PROBLEM TO WORK ON
Nothing beyond the line containing "Camiseta unisex de" is to be printed; print exactly each line from the start of the records below through that line, leaving out pictures.

Records from a collection:
--- START ---
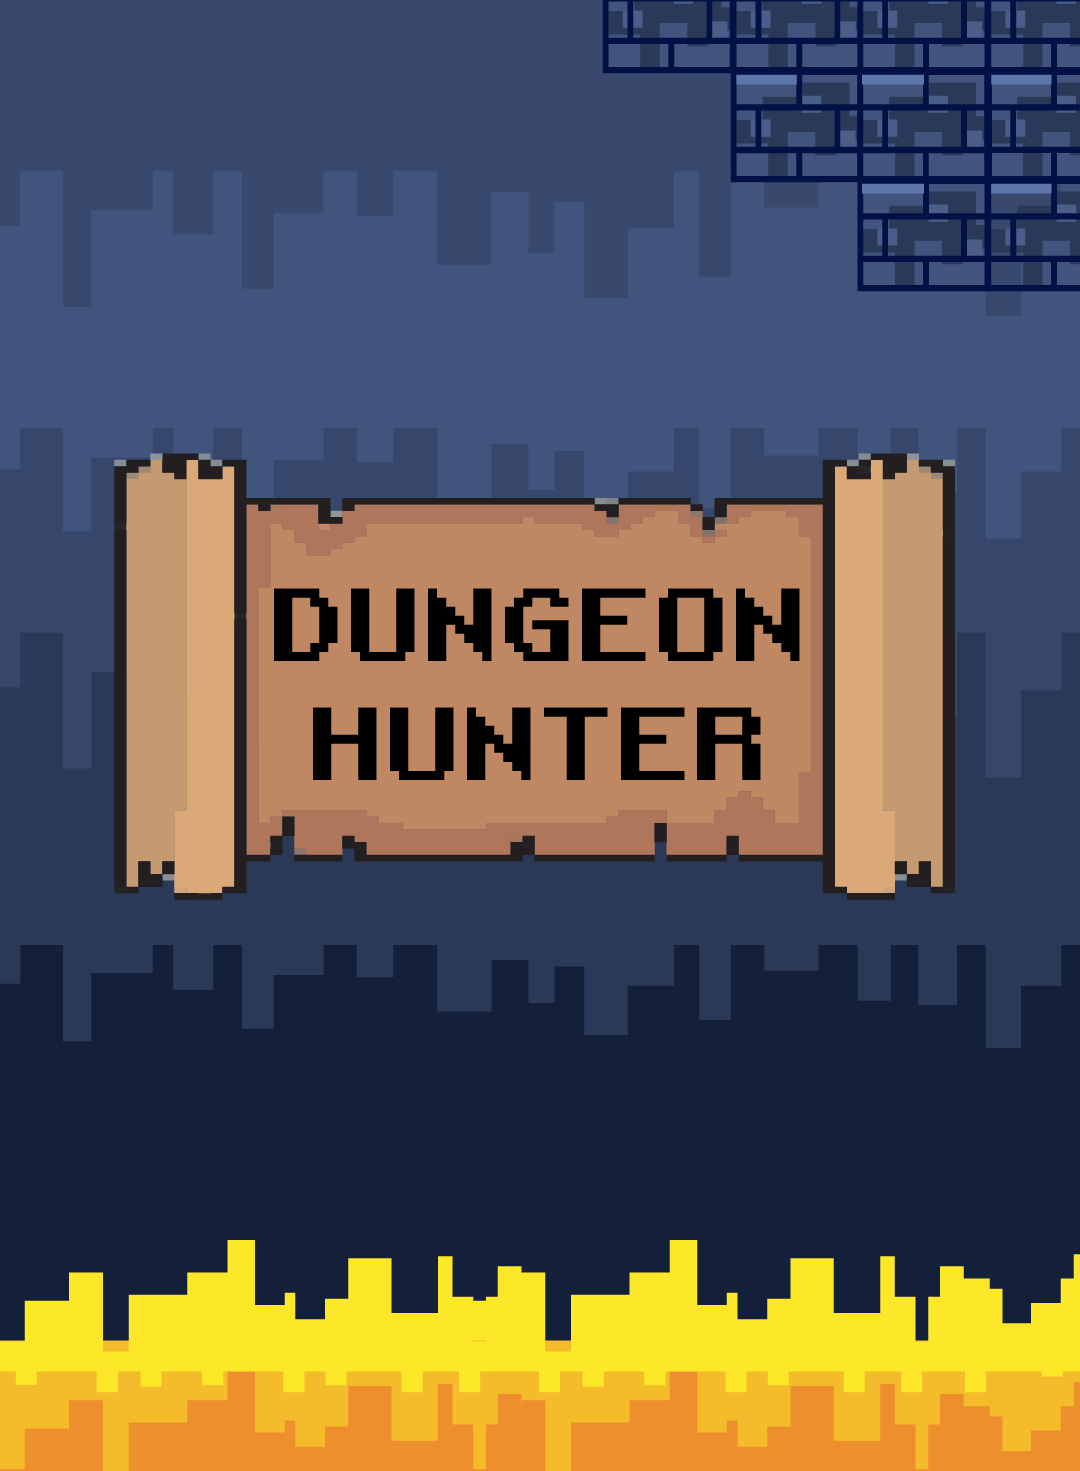 dungeon hunter
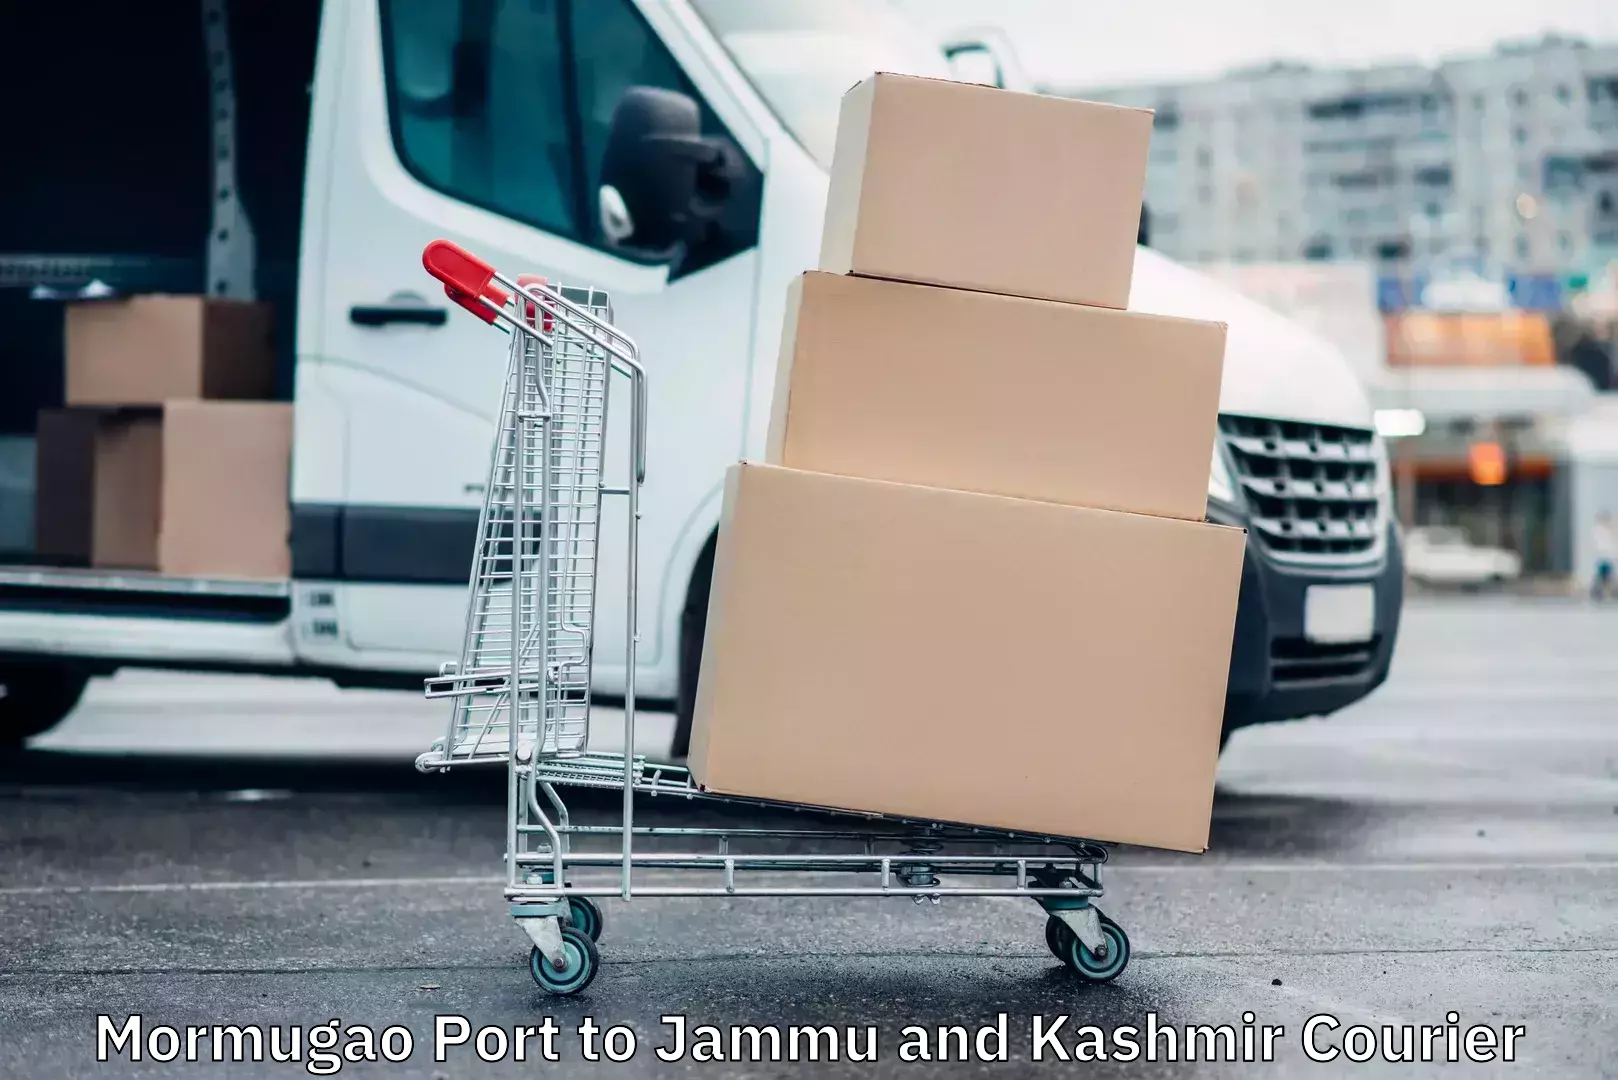 Ocean freight courier Mormugao Port to Jammu and Kashmir
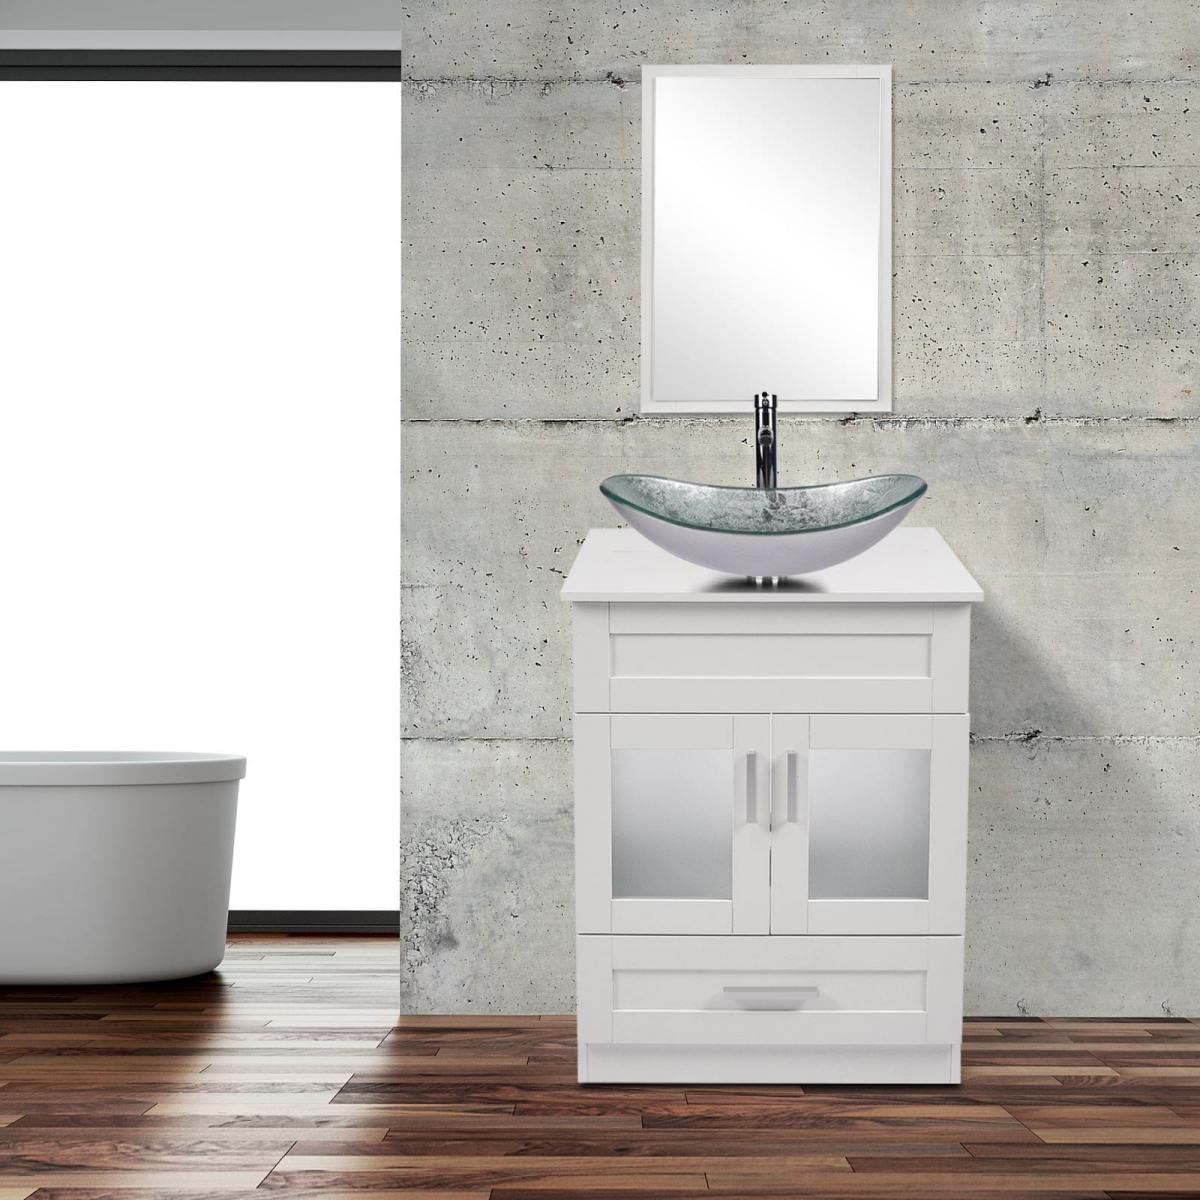 Elecwish White Bathroom Vanity with Silver Boat Sink Set BA1001-WH display scene
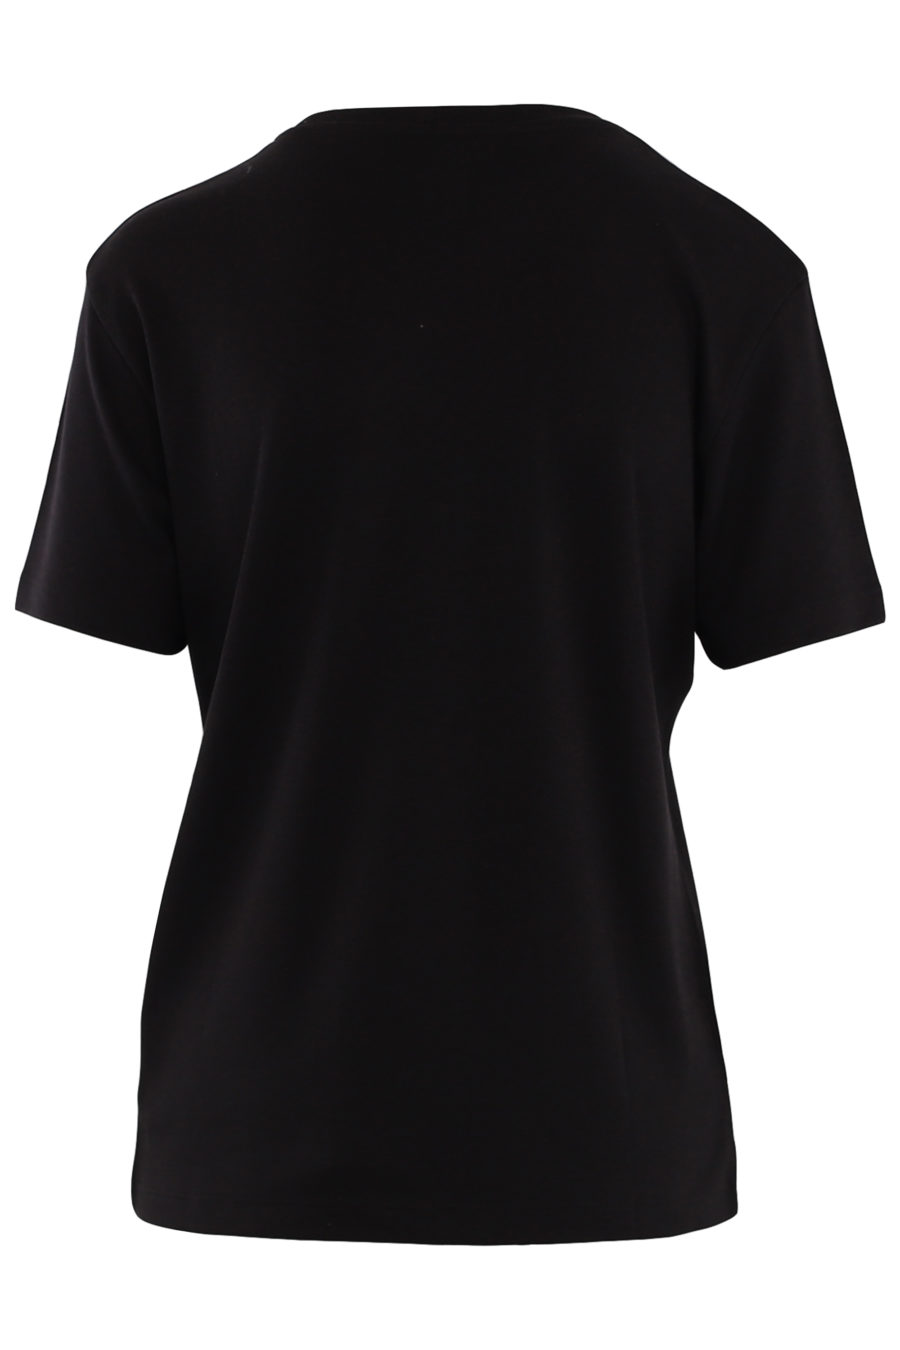 Camiseta unisex de color negro con logotipo - e224d47c1c109734bda8f433e87dc3553e04ca8b
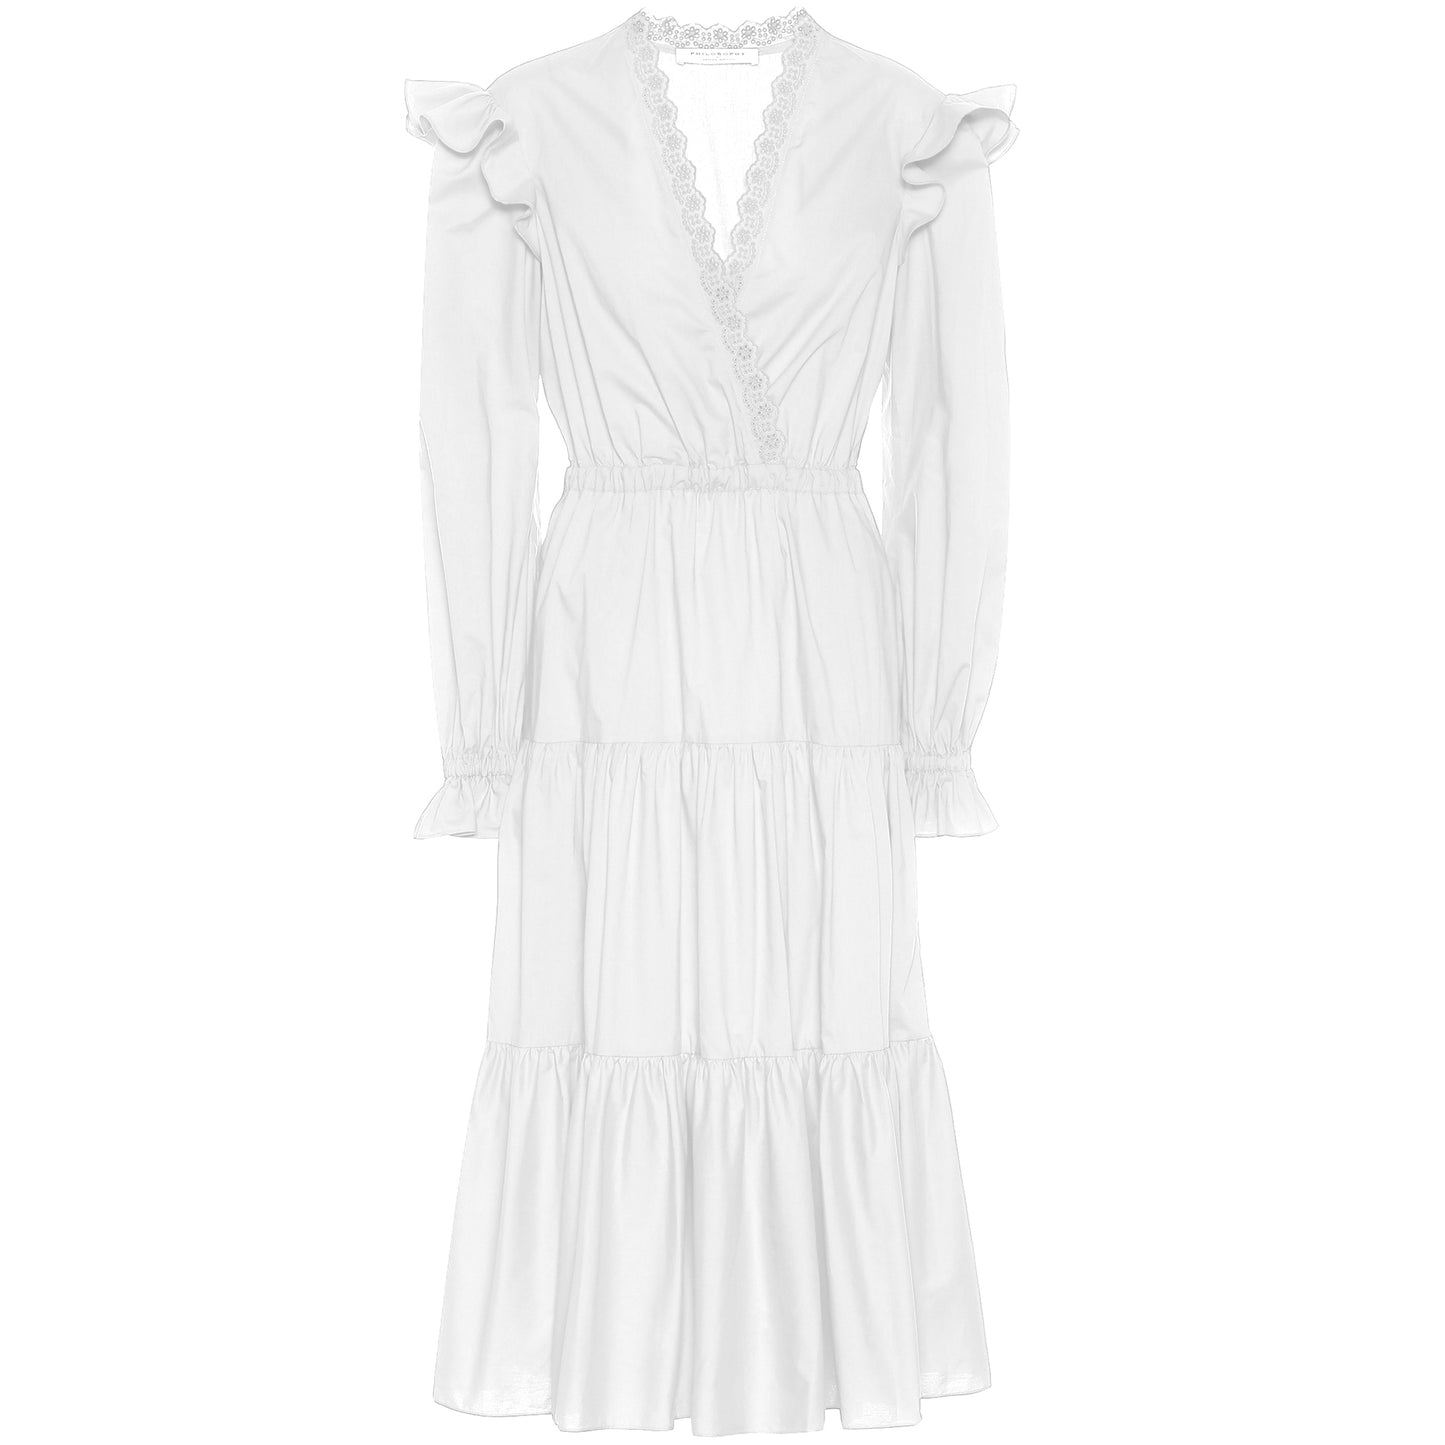 Philosophy di Lorenzo Serafini Women's White Cotton Long Sleeve Dress
--- END ---
ANSWER BOX
 dungeon hunter
 Ocean freight courier Mormugao Port to Jammu and Kashmir
 Elecwish White Bathroom Vanity with Silver Boat Sink Set BA1001-WH display scene
 Camiseta unisex de color negro con logotipo - e224d47c1c109734bda8f433e87dc3553e04ca8b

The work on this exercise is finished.